The gameplay did not change much from the 2004 installment. Two significant additions are made:

Home Field Advantage

When playing a game at home, players have the ability to incite their crowds to cheer as loudly as possible by rapidly tapping an assigned button. The maximum amount of noise is determined by how loud the stadium is in real life. As the stadium gets louder, the volume increases, the screen starts shaking, the controller rumbles, and the offense has trouble keeping organized. If playing in a loud stadium, missed audibles and constant false start penalties are a common occurance. With this home field advantage system came a ranking of stadiums based on the noise their fans make.

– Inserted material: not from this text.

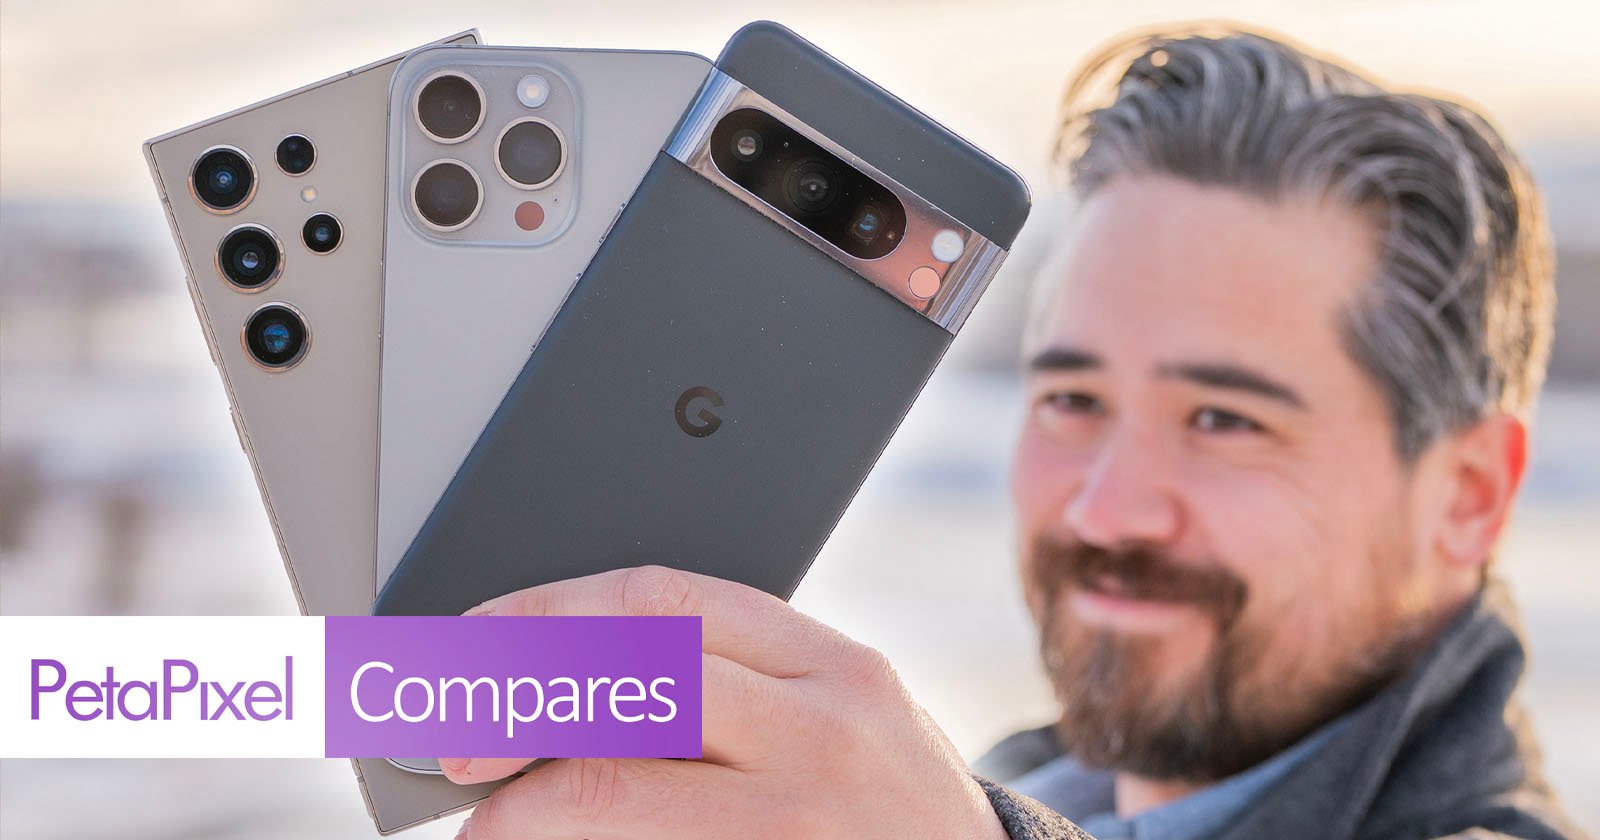 The Battle of the Big Three: Which Smartphone Delivers the Best Images?

These rankings do not change over time.

  1. Ben Hill Griffin Stadium, Florida
  2. Neyland Stadium, Tennessee
  3. Ohio Stadium, OSU
  4. Tiger Stadium, LSU
  5. Autzen Stadium, Oregon
  6. Husky Stadium, Washington
  7. Kyle Field, Texas A&M
  8. Camp Randall Stadium, Wisconsin
  9. Memorial Stadium, Nebraska
  10. Stanford Stadium, Georgia
  11. Kinnick Stadium, Iowa
  12. Michigan Stadium, Michigan
  13. Lane Stadium, Virginia Tech
  14. Doak Campbell Stadium, FSU
  15. Notre Dame Stadium, Notre Dame
  16. Memorial Stadium, Clemson
  17. Beaver Stadium, Penn State
  18. Oklahoma Memorial Stadium, Oklahoma
  19. Jordan-Hare Stadium, Auburn
  20. Carrier Dome, Syracuse
  21. Bryant-Denny Stadium, Alabama
  22. KSU Stadium, Kansas State
  23. Mountaineer Field, West Virginia
  24. Martin Stadium, Washington State
  25. Miami Orange Bowl, Miami
The second addition is the big hits system, where you can press a button before delivering a hit to make it harder, with a larger shot to miss.

NCAA Football 2005, while received mainly positively, also had a major flaw with the passing game: far too many dropped balls. The amount of dropped balls was significantly higher than NCAA Football 2004, and the amount of dropped balls again went down for NCAA Football 2006.